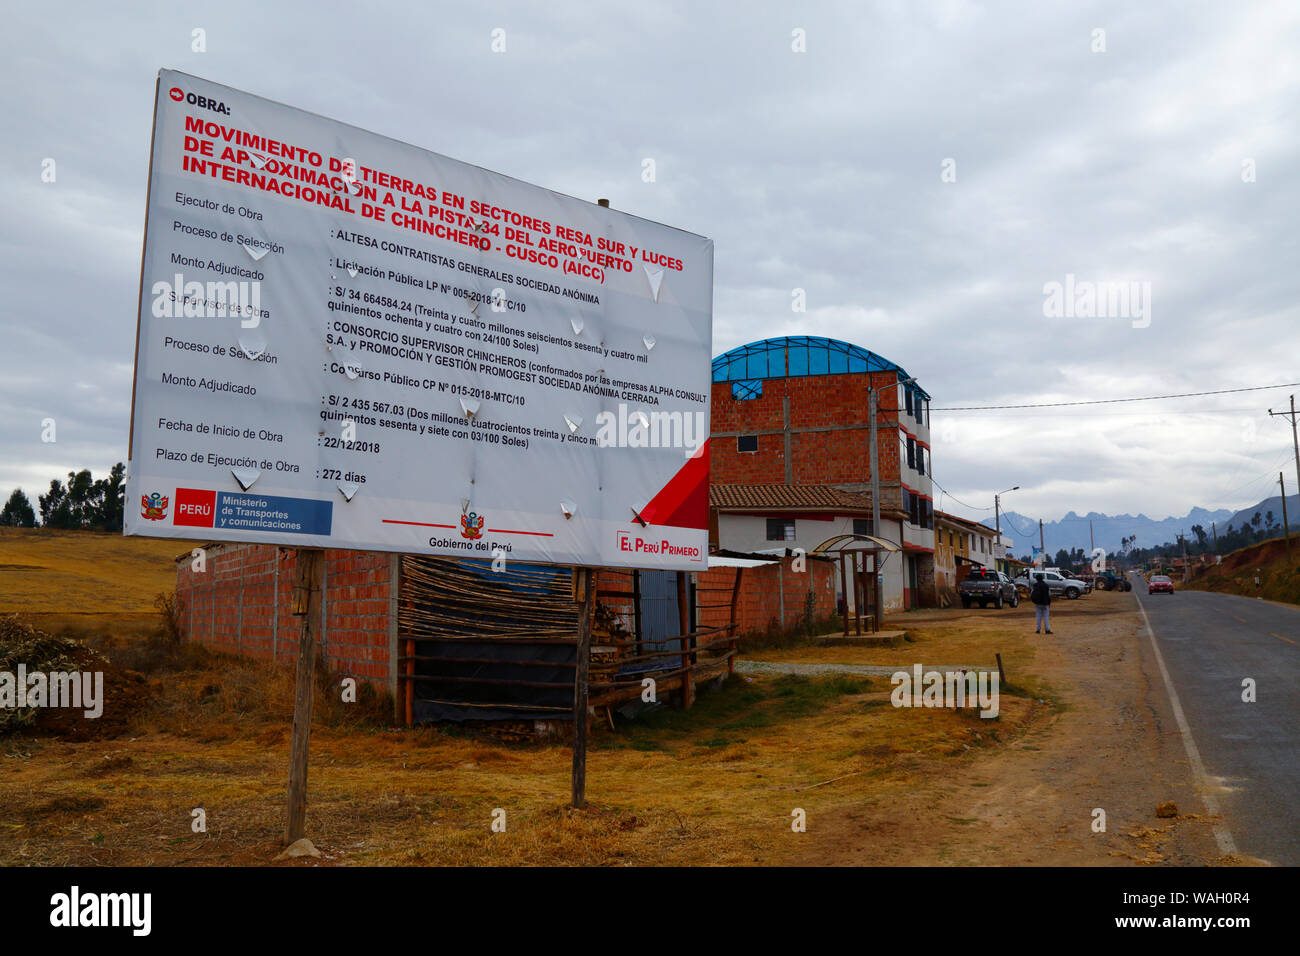 Sign announcing details of earth moving works, the start of the construction of a new international airport at Chinchero for Cusco and Machu Picchu. Cusco Region, Peru Stock Photo
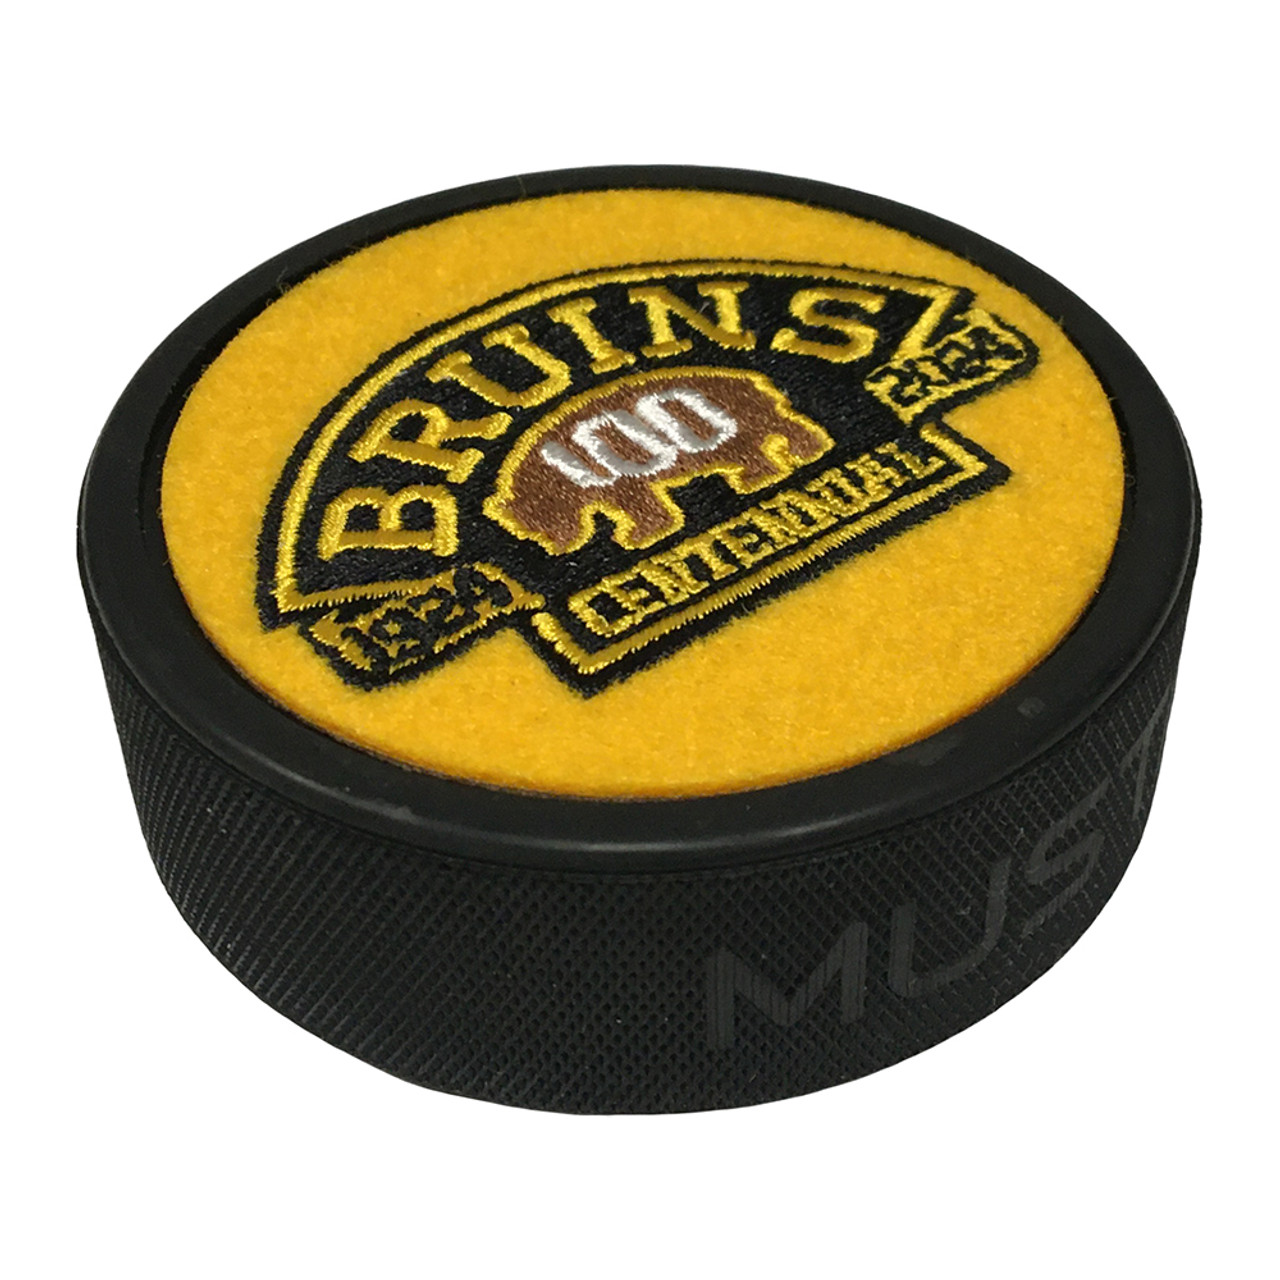 Boston Bruins Primary Team Logo Patch - Maker of Jacket
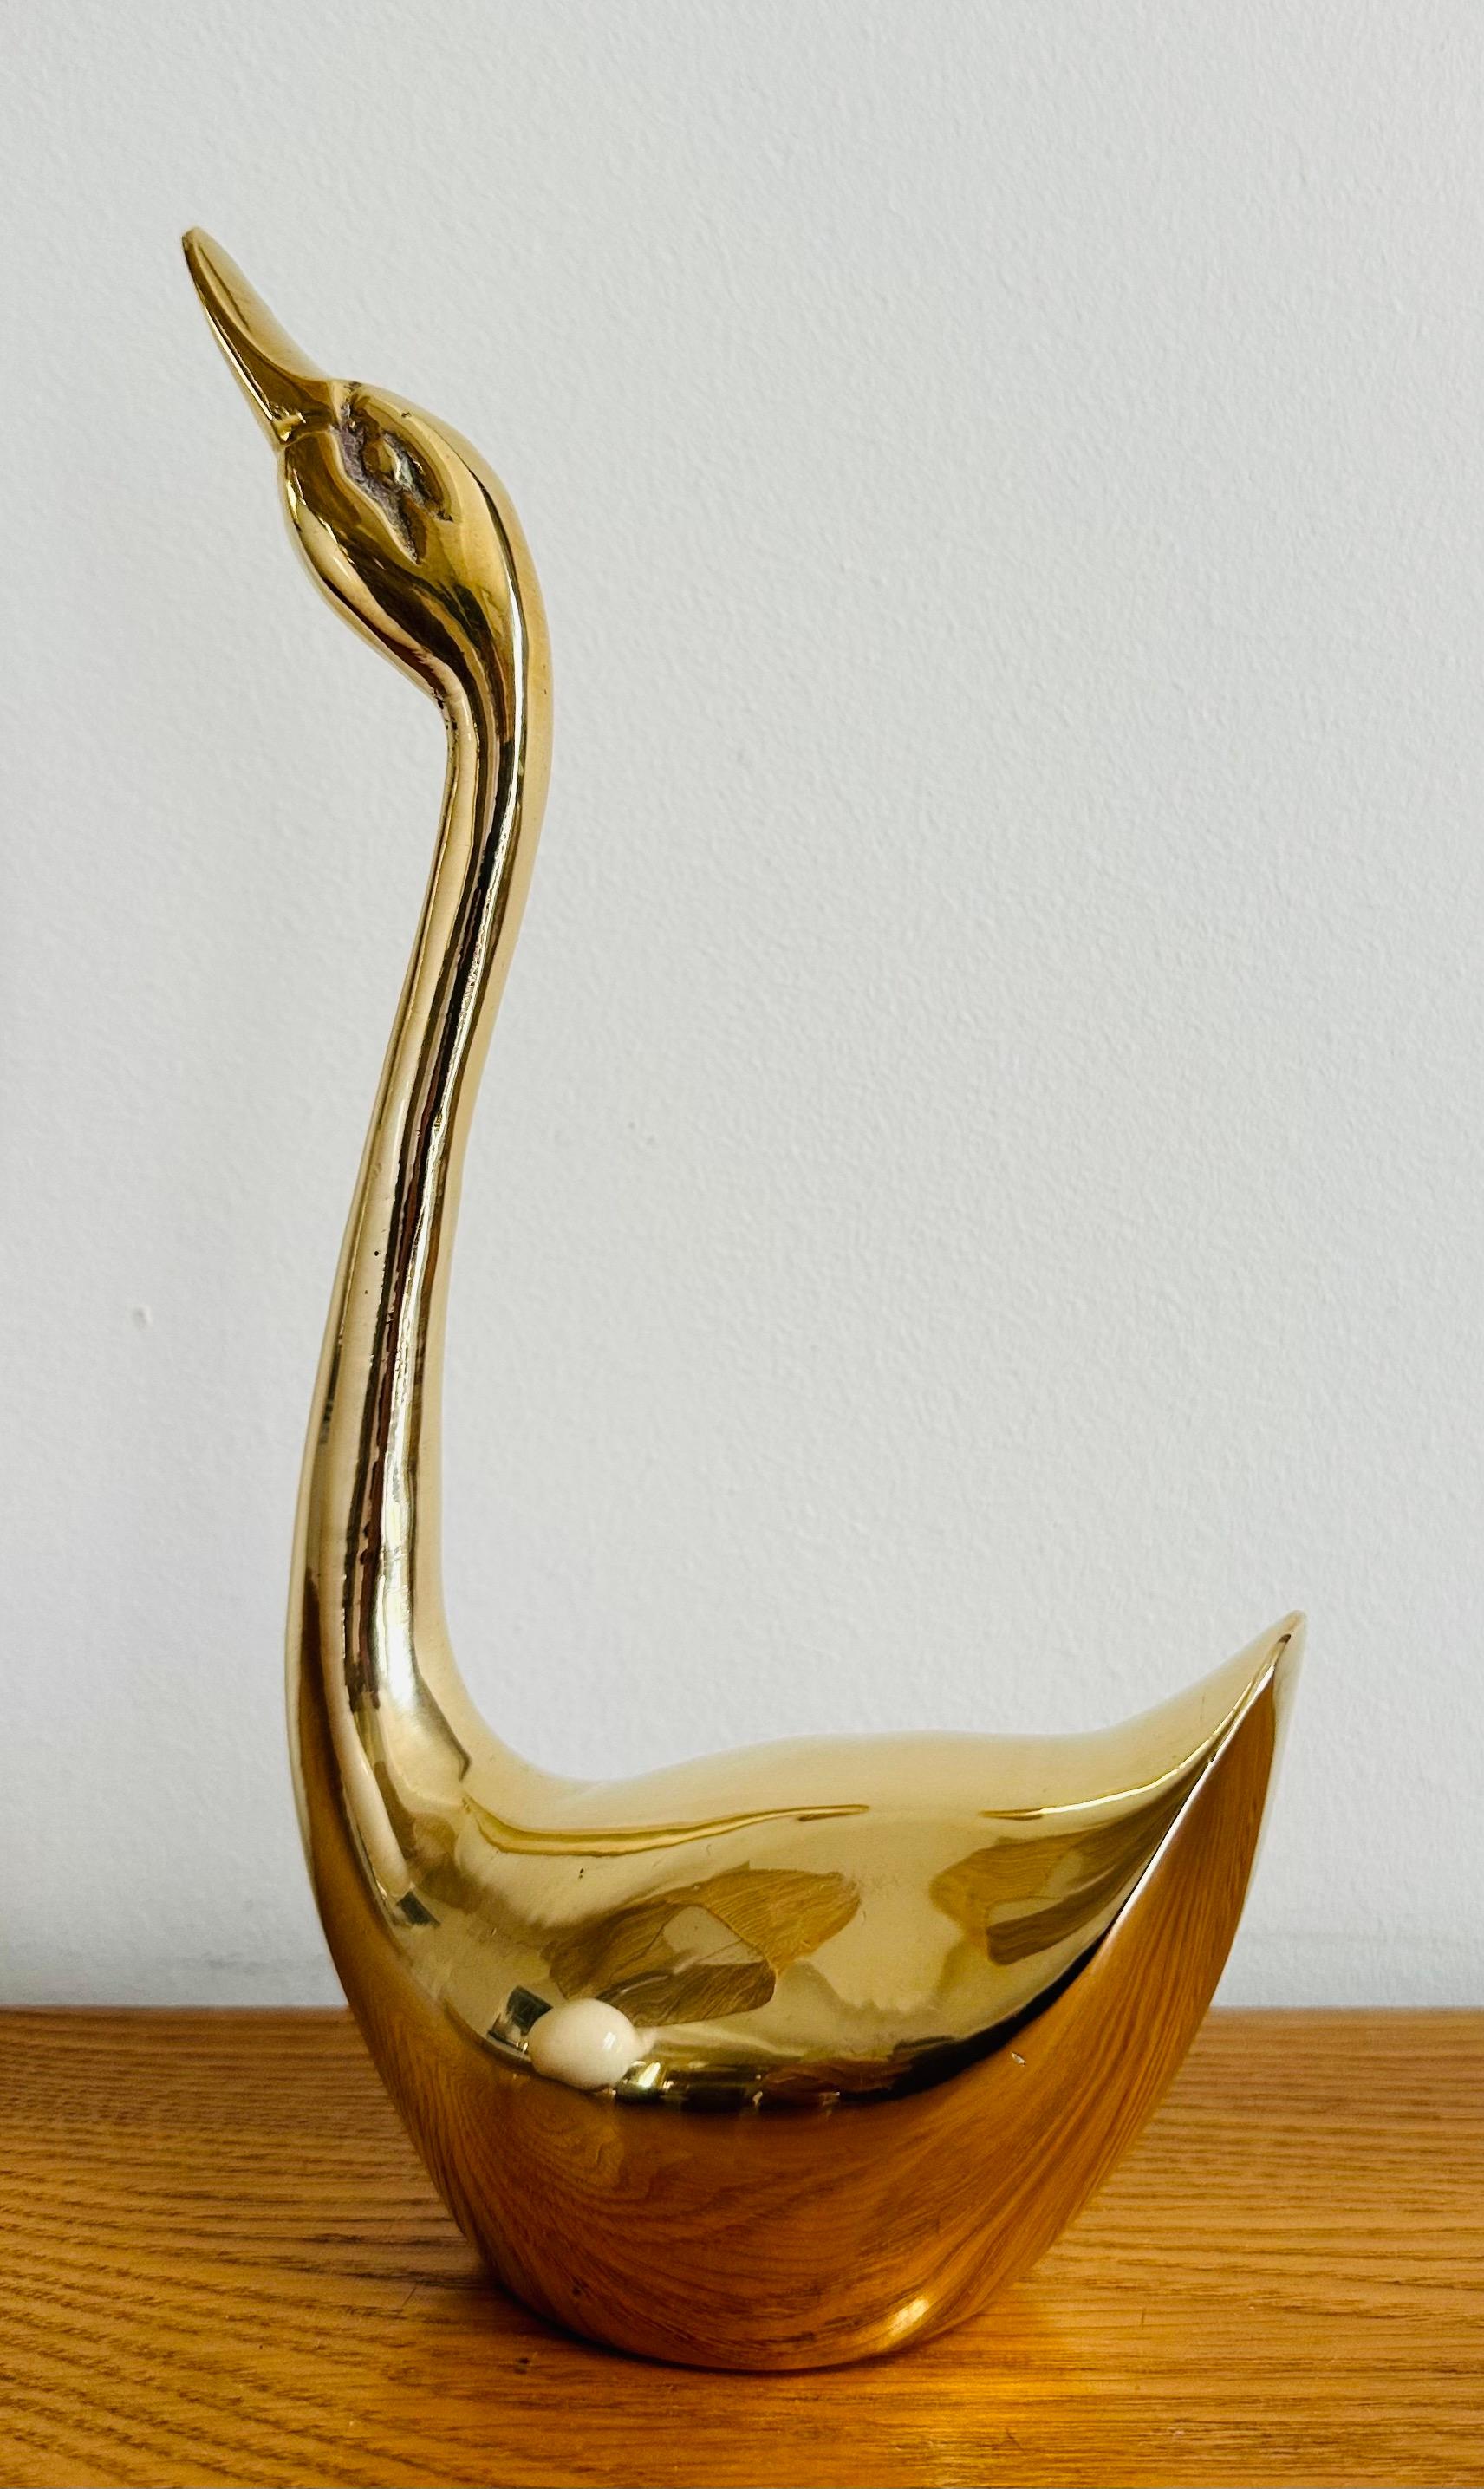 20th Century Vintage 1970s French Polished Brass Elegant Decorative Swan Paperweight

________________

TASK OBJECTIVE: Give back the material word for word, without images.

RESULT:
 Sign announcing details of earth moving works, the start of the construction of a new international airport at Chinchero for Cusco and Machu Picchu. Cusco Region, Peru Stock Photo
 Boston Bruins Primary Team Logo Patch - Maker of Jacket
 20th Century Vintage 1970s French Polished Brass Elegant Decorative Swan Paperweight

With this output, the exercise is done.